The enterprise of translating this enormously popular novel into French has been wholly justified by its successful execution, for this Clara du Plessis reads like a French original, returning to us the original’s wealth and grace in a new light.  To wit, the overall impression remains quite the same and will doubtless captivate foreign readers as well. For despite the various and sundry mistakes and oversights that might well be adduced with respect to the original, so much charm resides in the warm, artless presentation, in the animated elements of life regnant there, and even the melancholic conclusion is so deftly accompanied by youthful emotion that a reader is inclined to overlook such considerations entirely, or perhaps even, given the piece’s blossoming florescence, to reckon this fleeting and pleasant tableau among the truly great works of art.
The translator, on the other hand, seems to pass cooler judgment in his preface, commending the piece to his countrymen primarily from the perspective of probability or reality, thereby also seeking to excuse various features not cast entirely in the costume of French customs. Insofar as he did indeed allow himself modest alterations here and there, one might sooner have wished that he had taken even greater liberties, for example, with the most trenchant transgression against probability and deleted or restricted those scenes in which the mother allows Clara to learn certain theater roles with Clairant and then appear in an amateur theater performance as his beloved.
Several fatiguing repetitions at the beginning might also better have been simply deleted. Both the translator and the author return three or four times to point out how this passion, “qu’un rien avoit commencée, qui n’étoit au fond qu’une méprise de l’amour proper, exagerée ensuite et exaltée par l’imagination” [approx. “that nothing had begun, which was at bottom only a mistake of self-esteem, then exaggerated and exalted by the imagination”], acquired more consistency only by way of this or that new chance occurrence. Although these psychological remarks betray an intentional attempt to shape the portrayal more subtlety, their effect is not to the latter’s advantage. The details of straightforward, ardent passion, the manner of its origin and course, did not really need such admixture. As usual, the author was quite fortunate in this instance, and in translation these details have lost nothing in the way of delicacy.
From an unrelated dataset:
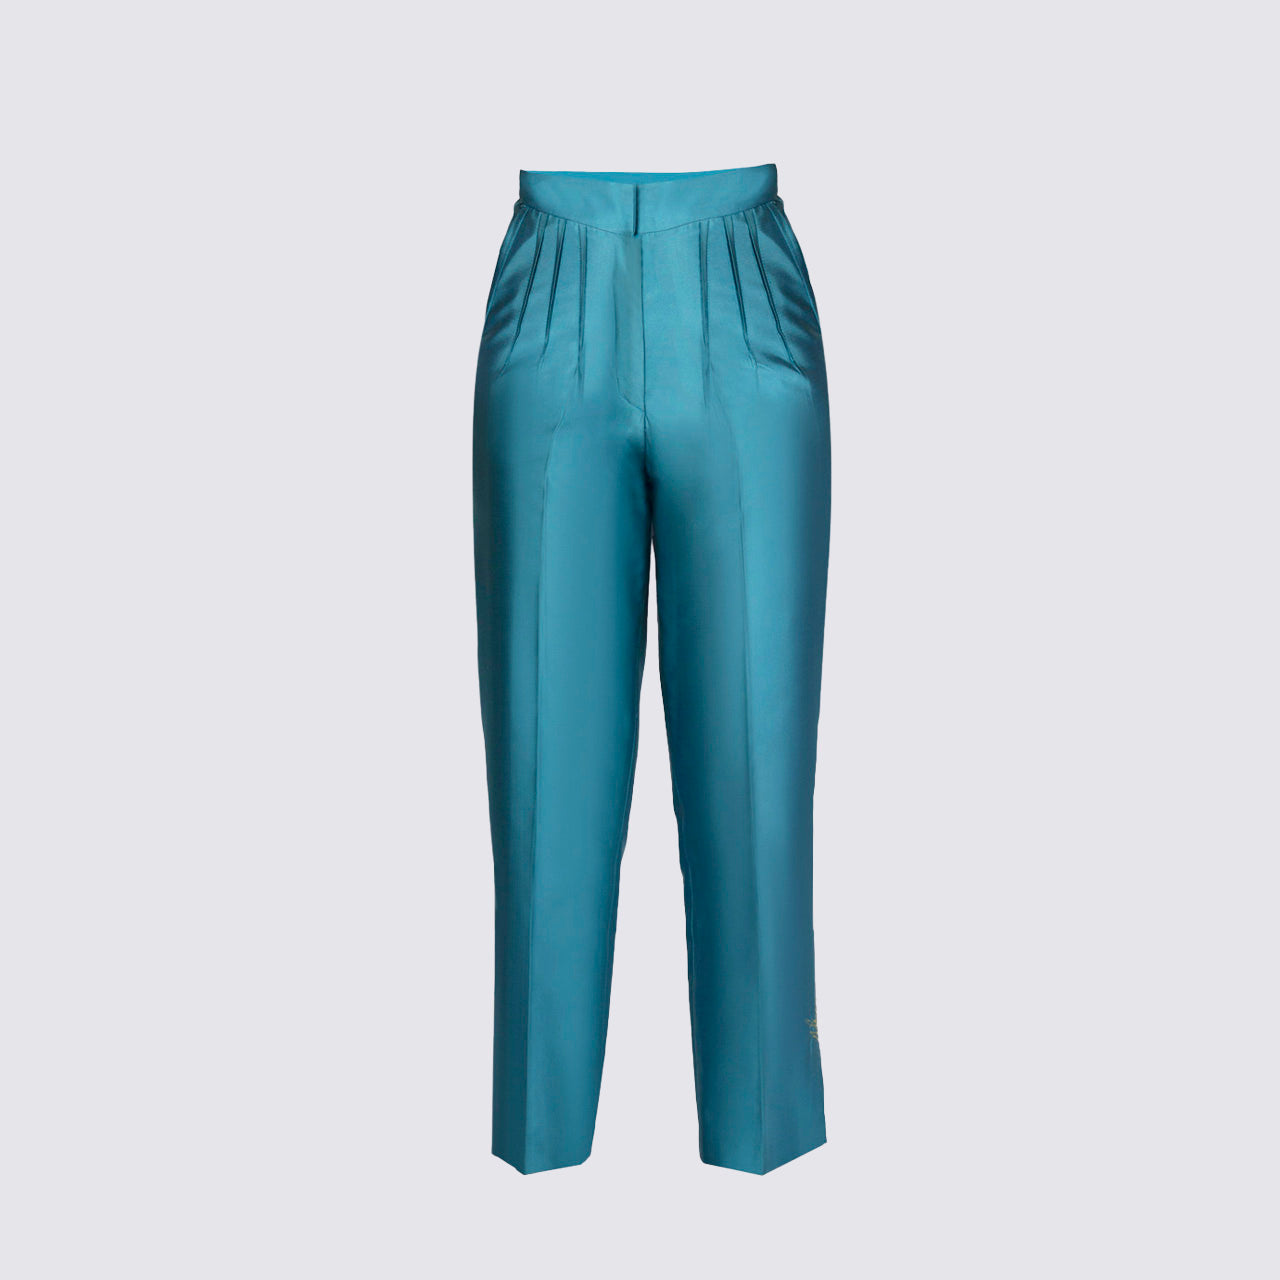 Slay - Pin Tuck Blue Pants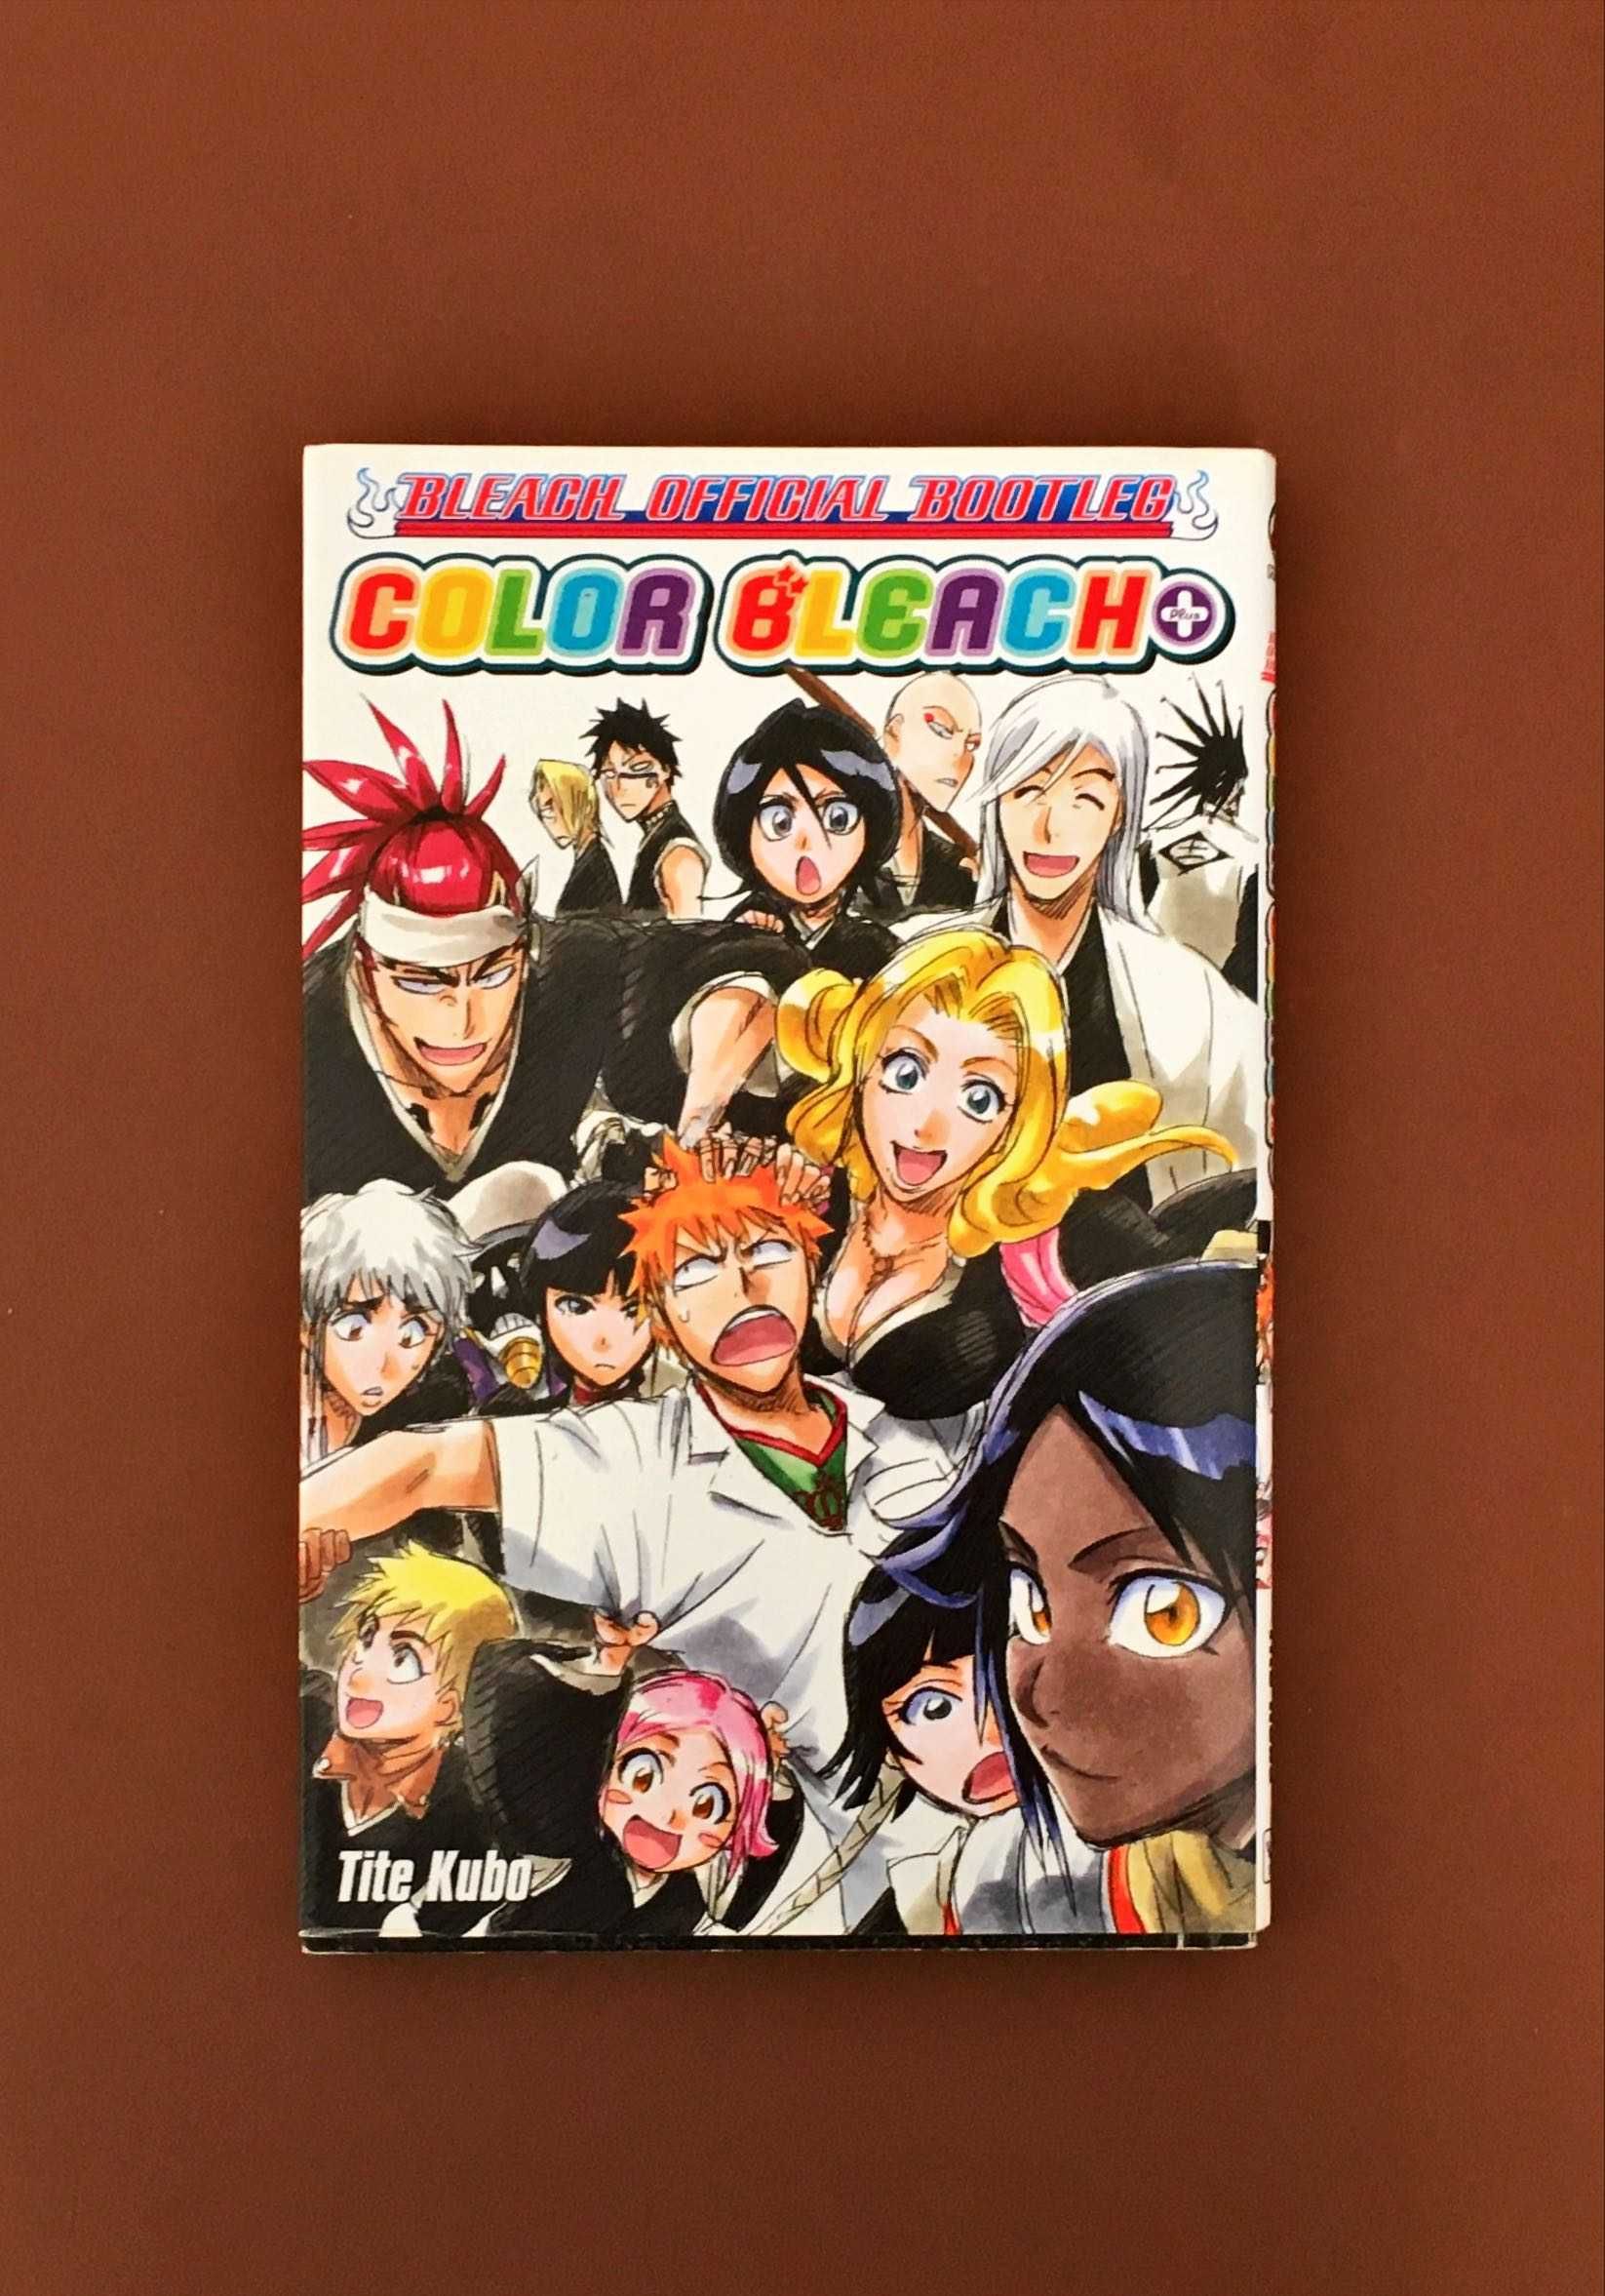 LIVRO INGLÊS FRANCÊS Comics Manga Banda Desenhada

The most attractive feature in this translation, however, are the letters of the two lovers, of which one might justifiably maintain that they really could have been written thus. Here one encounters the casual, flowing language of nature and true tenderness whose content is admittedly spiced not by the philosophy of the heart, but rather by characterization of the sort generated by the age itself and the situation at the moment, and by a vivid evocation of the setting. Should our neighbors perhaps miss the element of masculine ardor or pointed articulation of emotion to which they are otherwise accustomed, they will nonetheless become acquainted with the simpler, more straightforward German disposition of love in its most pleasing vestment, and will doubtless be pleased by a more naive perspective.